AIM OF THE EXERCISE: Please reproduce all of the listing below exactly and drop its images.

COLLECTED MATERIAL:
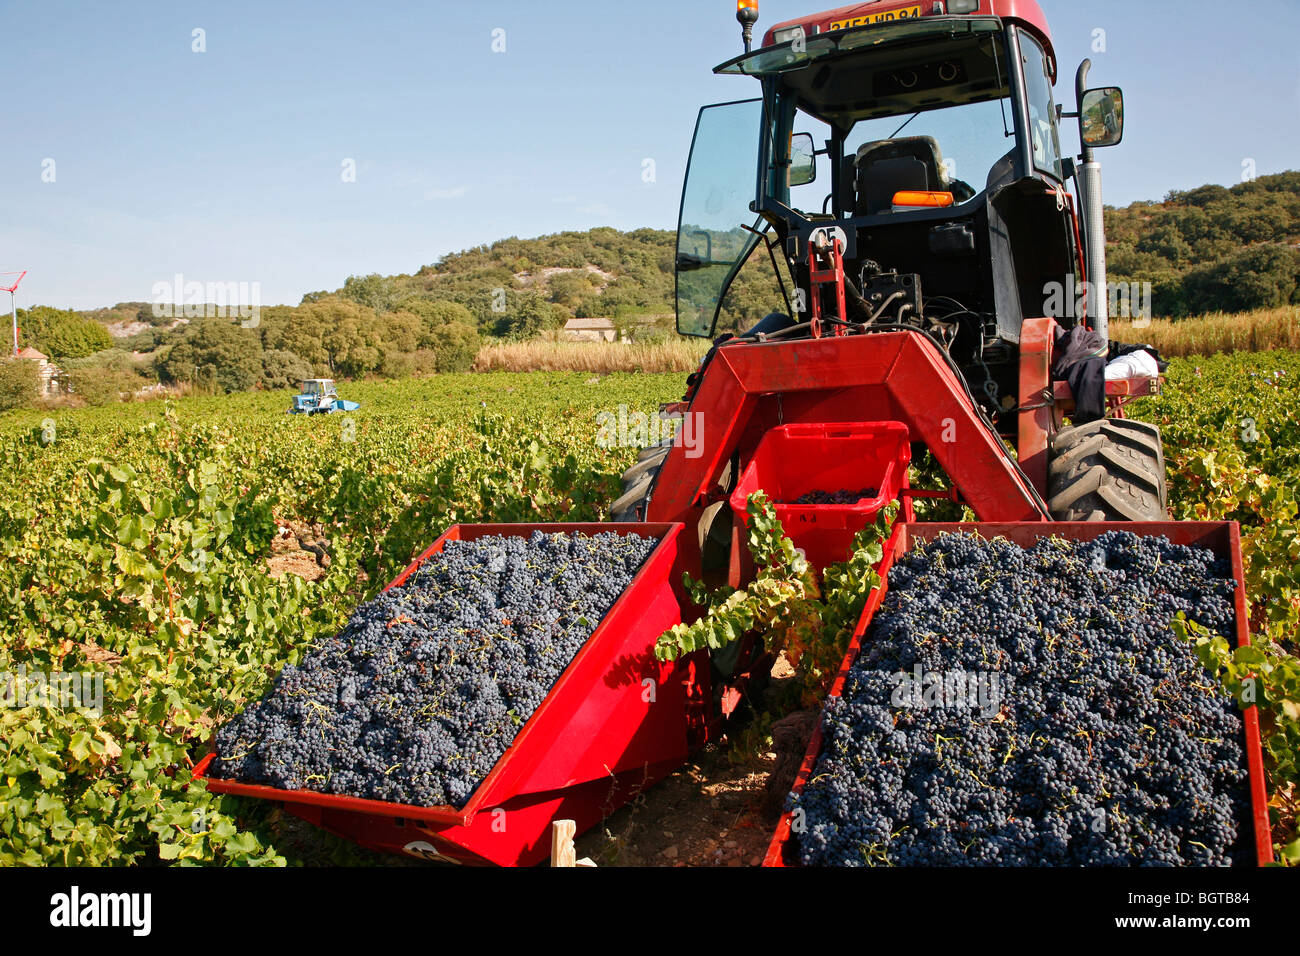 Grape harvest in vineyards around Chateauneuf du Pape, Vaucluse, Provence, France. - Stock Image
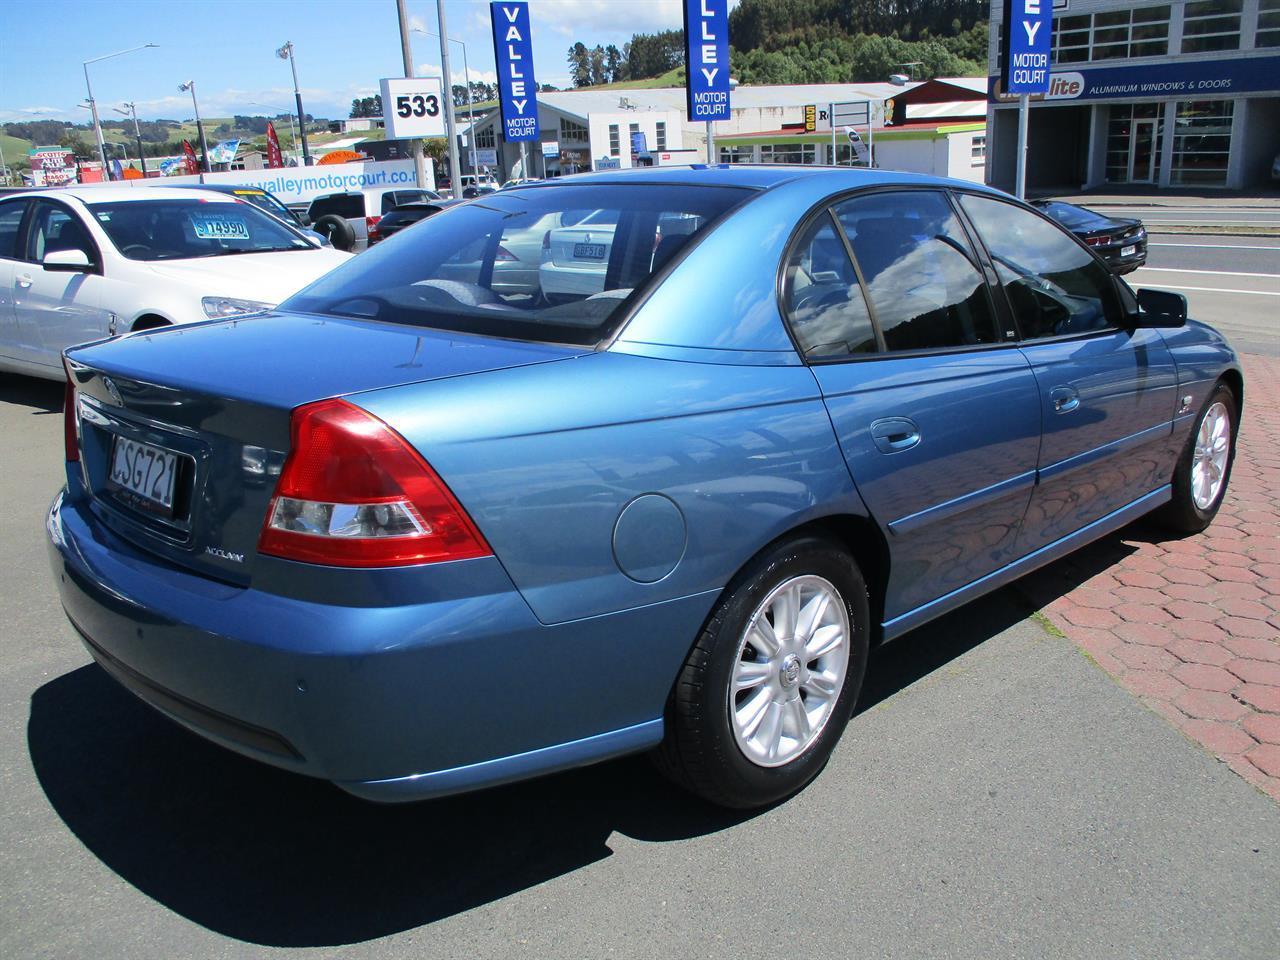 image-3, 2005 Holden Commodore VZ Acclaim at Dunedin
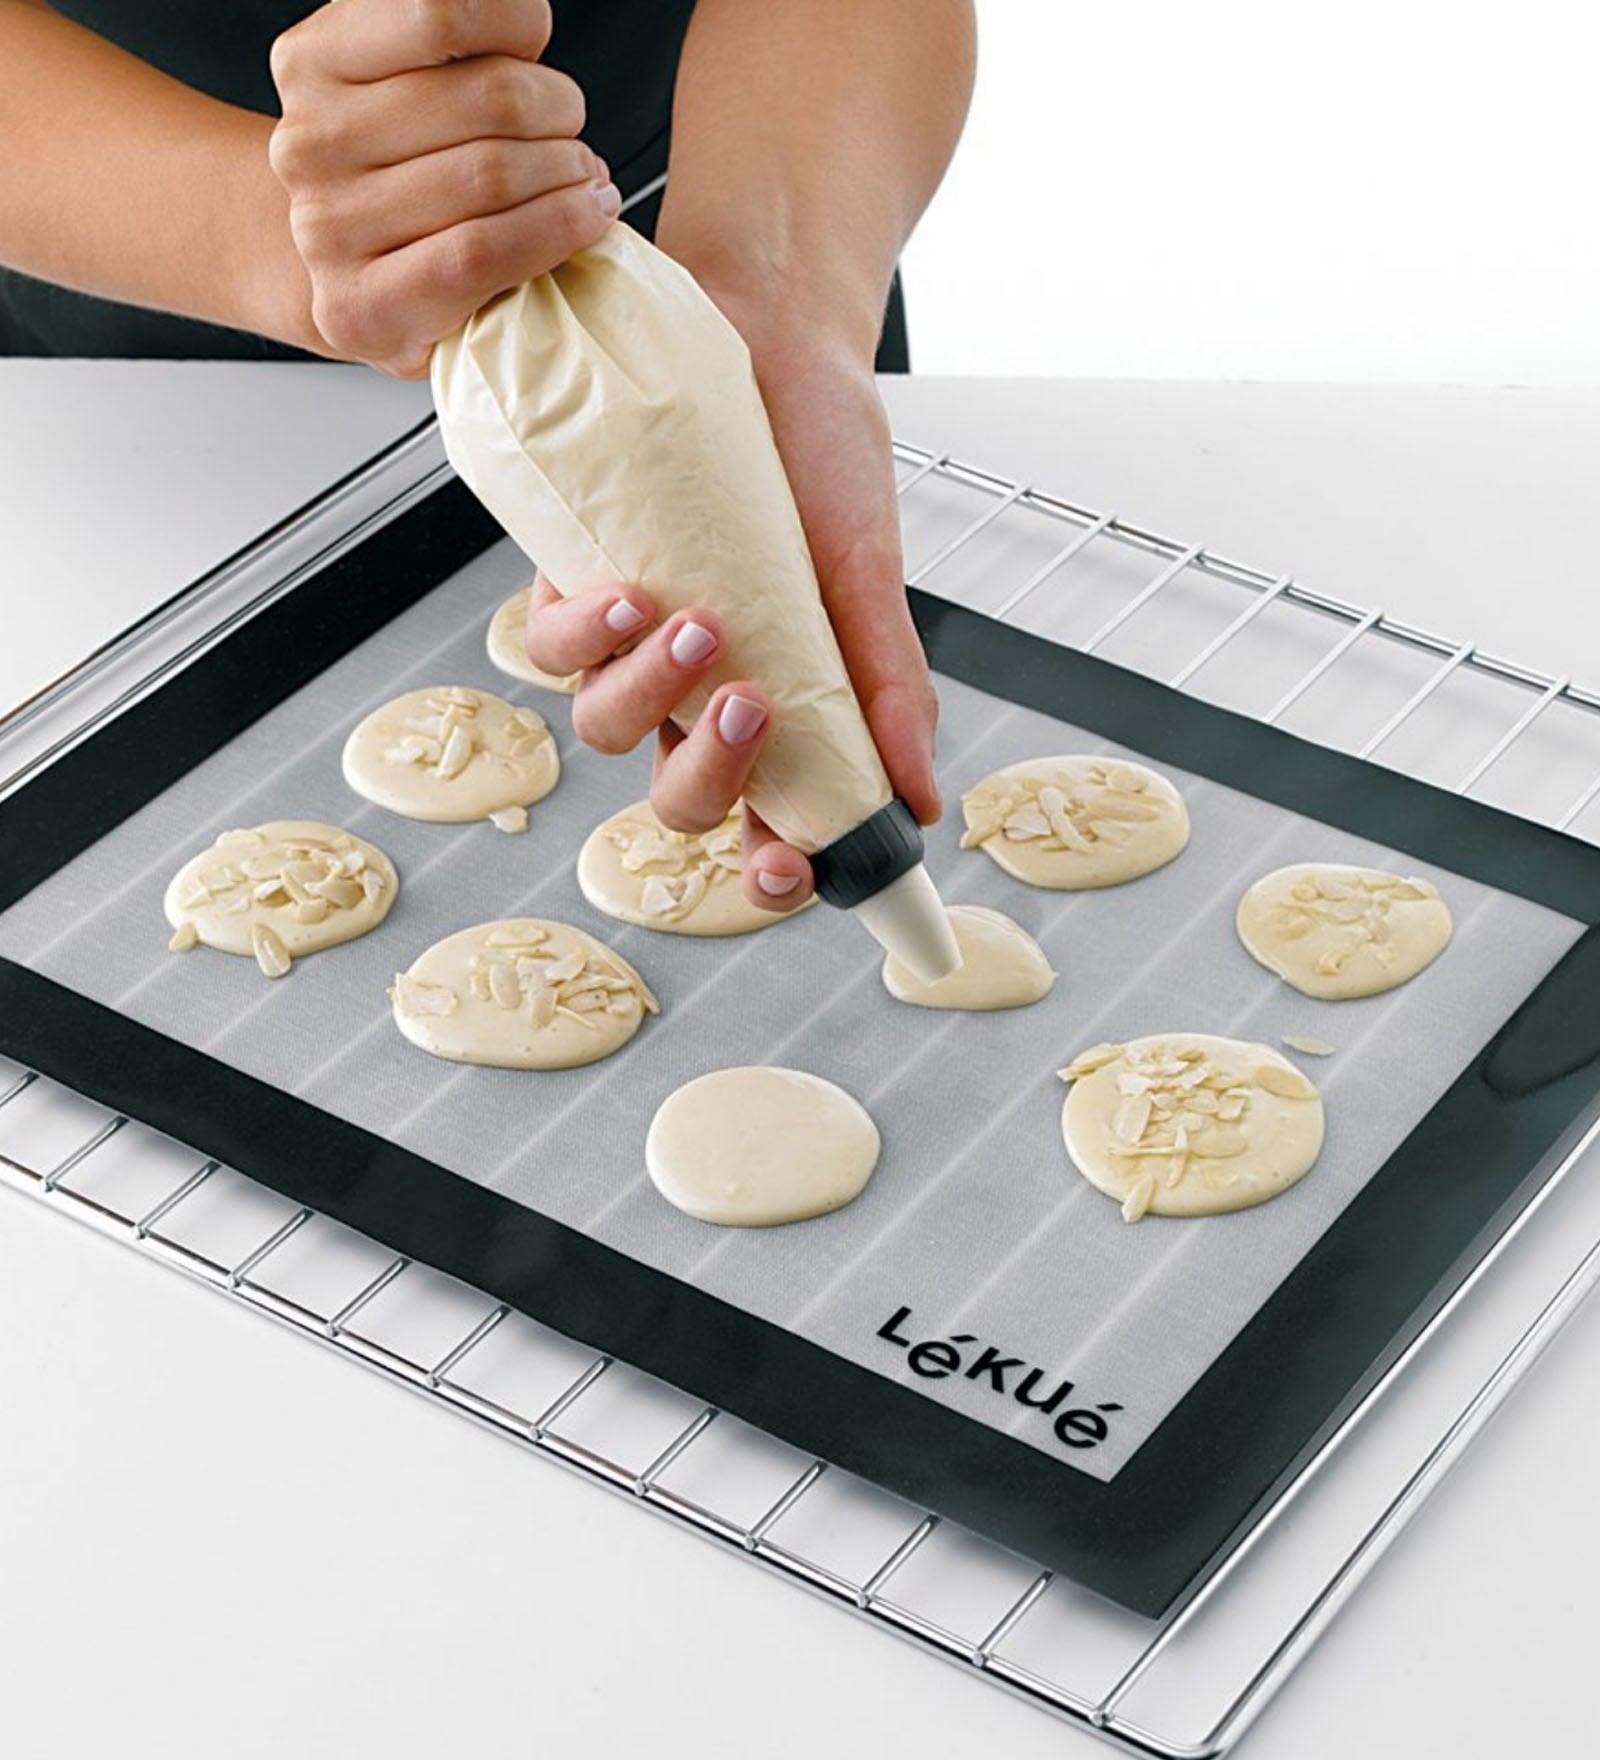 Lekue 12 by 16-Inch Baking Mat, Clear Platinum Silicone Baking Mat

RESULT FOR THIS EXERCISE:
 Grape harvest in vineyards around Chateauneuf du Pape, Vaucluse, Provence, France. - Stock Image
 image-3, 2005 Holden Commodore VZ Acclaim at Dunedin
 Lekue 12 by 16-Inch Baking Mat, Clear Platinum Silicone Baking Mat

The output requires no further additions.